■ PROMPT
Here are some entries. Print them exactly as they are.

■ PROVIDED ENTRIES
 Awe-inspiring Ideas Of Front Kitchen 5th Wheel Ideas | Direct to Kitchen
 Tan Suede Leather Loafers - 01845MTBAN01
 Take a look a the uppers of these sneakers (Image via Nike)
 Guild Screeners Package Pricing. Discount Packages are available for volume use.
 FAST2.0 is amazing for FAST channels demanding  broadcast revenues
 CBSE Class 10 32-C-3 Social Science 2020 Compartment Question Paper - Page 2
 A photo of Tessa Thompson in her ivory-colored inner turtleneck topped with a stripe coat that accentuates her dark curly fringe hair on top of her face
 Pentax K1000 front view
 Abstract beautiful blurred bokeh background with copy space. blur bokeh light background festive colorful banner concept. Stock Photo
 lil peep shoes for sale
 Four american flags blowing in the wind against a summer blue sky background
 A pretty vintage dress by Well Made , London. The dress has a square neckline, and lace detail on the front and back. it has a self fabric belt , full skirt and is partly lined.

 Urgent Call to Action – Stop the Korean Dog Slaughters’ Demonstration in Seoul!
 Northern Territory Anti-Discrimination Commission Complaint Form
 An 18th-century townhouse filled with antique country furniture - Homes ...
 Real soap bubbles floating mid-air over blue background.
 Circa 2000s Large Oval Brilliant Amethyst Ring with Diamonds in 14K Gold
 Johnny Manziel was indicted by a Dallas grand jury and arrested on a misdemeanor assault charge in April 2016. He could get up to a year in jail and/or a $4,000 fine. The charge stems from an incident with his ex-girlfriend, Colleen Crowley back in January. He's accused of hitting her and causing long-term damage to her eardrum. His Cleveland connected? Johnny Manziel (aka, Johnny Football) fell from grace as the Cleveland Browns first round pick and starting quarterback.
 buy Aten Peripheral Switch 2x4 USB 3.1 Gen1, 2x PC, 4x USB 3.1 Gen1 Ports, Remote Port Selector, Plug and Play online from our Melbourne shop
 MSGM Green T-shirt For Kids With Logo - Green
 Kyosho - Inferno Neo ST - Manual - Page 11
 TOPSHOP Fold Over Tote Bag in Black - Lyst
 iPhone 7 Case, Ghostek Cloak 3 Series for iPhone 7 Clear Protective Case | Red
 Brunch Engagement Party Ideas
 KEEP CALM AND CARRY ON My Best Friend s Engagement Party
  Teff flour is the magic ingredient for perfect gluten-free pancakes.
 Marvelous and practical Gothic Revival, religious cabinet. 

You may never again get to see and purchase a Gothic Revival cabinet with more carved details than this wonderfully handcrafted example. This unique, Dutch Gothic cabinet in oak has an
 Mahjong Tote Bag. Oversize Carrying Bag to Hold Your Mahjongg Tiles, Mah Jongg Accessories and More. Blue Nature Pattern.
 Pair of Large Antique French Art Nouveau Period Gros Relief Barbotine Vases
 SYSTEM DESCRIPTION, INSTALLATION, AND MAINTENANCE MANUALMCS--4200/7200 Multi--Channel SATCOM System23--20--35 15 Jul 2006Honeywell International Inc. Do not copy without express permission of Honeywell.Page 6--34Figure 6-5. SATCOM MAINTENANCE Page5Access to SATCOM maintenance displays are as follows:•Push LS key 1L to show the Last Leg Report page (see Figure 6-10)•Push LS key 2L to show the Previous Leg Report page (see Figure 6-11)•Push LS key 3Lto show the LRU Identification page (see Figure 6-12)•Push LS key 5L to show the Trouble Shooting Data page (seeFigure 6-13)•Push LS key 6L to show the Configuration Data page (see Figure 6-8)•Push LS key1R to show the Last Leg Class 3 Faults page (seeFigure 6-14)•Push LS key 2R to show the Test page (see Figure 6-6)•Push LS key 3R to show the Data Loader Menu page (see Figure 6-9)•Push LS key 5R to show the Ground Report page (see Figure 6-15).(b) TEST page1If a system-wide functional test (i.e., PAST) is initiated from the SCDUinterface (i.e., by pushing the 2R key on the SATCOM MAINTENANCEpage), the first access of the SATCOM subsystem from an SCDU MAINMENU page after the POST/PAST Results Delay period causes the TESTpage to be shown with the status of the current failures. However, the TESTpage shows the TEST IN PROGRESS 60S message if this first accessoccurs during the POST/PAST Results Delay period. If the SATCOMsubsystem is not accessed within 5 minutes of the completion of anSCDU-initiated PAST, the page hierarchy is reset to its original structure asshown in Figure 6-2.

■ PROBLEM SOLUTION
 Awe-inspiring Ideas Of Front Kitchen 5th Wheel Ideas | Direct to Kitchen
 Tan Suede Leather Loafers - 01845MTBAN01
 Take a look a the uppers of these sneakers (Image via Nike)
 Guild Screeners Package Pricing. Discount Packages are available for volume use.
 FAST2.0 is amazing for FAST channels demanding  broadcast revenues
 CBSE Class 10 32-C-3 Social Science 2020 Compartment Question Paper - Page 2
 A photo of Tessa Thompson in her ivory-colored inner turtleneck topped with a stripe coat that accentuates her dark curly fringe hair on top of her face
 Pentax K1000 front view
 Abstract beautiful blurred bokeh background with copy space. blur bokeh light background festive colorful banner concept. Stock Photo
 lil peep shoes for sale
 Four american flags blowing in the wind against a summer blue sky background
 A pretty vintage dress by Well Made , London. The dress has a square neckline, and lace detail on the front and back. it has a self fabric belt , full skirt and is partly lined.

 Urgent Call to Action – Stop the Korean Dog Slaughters’ Demonstration in Seoul!
 Northern Territory Anti-Discrimination Commission Complaint Form
 An 18th-century townhouse filled with antique country furniture - Homes ...
 Real soap bubbles floating mid-air over blue background.
 Circa 2000s Large Oval Brilliant Amethyst Ring with Diamonds in 14K Gold
 Johnny Manziel was indicted by a Dallas grand jury and arrested on a misdemeanor assault charge in April 2016. He could get up to a year in jail and/or a $4,000 fine. The charge stems from an incident with his ex-girlfriend, Colleen Crowley back in January. He's accused of hitting her and causing long-term damage to her eardrum. His Cleveland connected? Johnny Manziel (aka, Johnny Football) fell from grace as the Cleveland Browns first round pick and starting quarterback.
 buy Aten Peripheral Switch 2x4 USB 3.1 Gen1, 2x PC, 4x USB 3.1 Gen1 Ports, Remote Port Selector, Plug and Play online from our Melbourne shop
 MSGM Green T-shirt For Kids With Logo - Green
 Kyosho - Inferno Neo ST - Manual - Page 11
 TOPSHOP Fold Over Tote Bag in Black - Lyst
 iPhone 7 Case, Ghostek Cloak 3 Series for iPhone 7 Clear Protective Case | Red
 Brunch Engagement Party Ideas
 KEEP CALM AND CARRY ON My Best Friend s Engagement Party
  Teff flour is the magic ingredient for perfect gluten-free pancakes.
 Marvelous and practical Gothic Revival, religious cabinet. 

You may never again get to see and purchase a Gothic Revival cabinet with more carved details than this wonderfully handcrafted example. This unique, Dutch Gothic cabinet in oak has an
 Mahjong Tote Bag. Oversize Carrying Bag to Hold Your Mahjongg Tiles, Mah Jongg Accessories and More. Blue Nature Pattern.
 Pair of Large Antique French Art Nouveau Period Gros Relief Barbotine Vases
 SYSTEM DESCRIPTION, INSTALLATION, AND MAINTENANCE MANUALMCS--4200/7200 Multi--Channel SATCOM System23--20--35 15 Jul 2006Honeywell International Inc. Do not copy without express permission of Honeywell.Page 6--34Figure 6-5. SATCOM MAINTENANCE Page5Access to SATCOM maintenance displays are as follows:•Push LS key 1L to show the Last Leg Report page (see Figure 6-10)•Push LS key 2L to show the Previous Leg Report page (see Figure 6-11)•Push LS key 3Lto show the LRU Identification page (see Figure 6-12)•Push LS key 5L to show the Trouble Shooting Data page (seeFigure 6-13)•Push LS key 6L to show the Configuration Data page (see Figure 6-8)•Push LS key1R to show the Last Leg Class 3 Faults page (seeFigure 6-14)•Push LS key 2R to show the Test page (see Figure 6-6)•Push LS key 3R to show the Data Loader Menu page (see Figure 6-9)•Push LS key 5R to show the Ground Report page (see Figure 6-15).(b) TEST page1If a system-wide functional test (i.e., PAST) is initiated from the SCDUinterface (i.e., by pushing the 2R key on the SATCOM MAINTENANCEpage), the first access of the SATCOM subsystem from an SCDU MAINMENU page after the POST/PAST Results Delay period causes the TESTpage to be shown with the status of the current failures. However, the TESTpage shows the TEST IN PROGRESS 60S message if this first accessoccurs during the POST/PAST Results Delay period. If the SATCOMsubsystem is not accessed within 5 minutes of the completion of anSCDU-initiated PAST, the page hierarchy is reset to its original structure asshown in Figure 6-2.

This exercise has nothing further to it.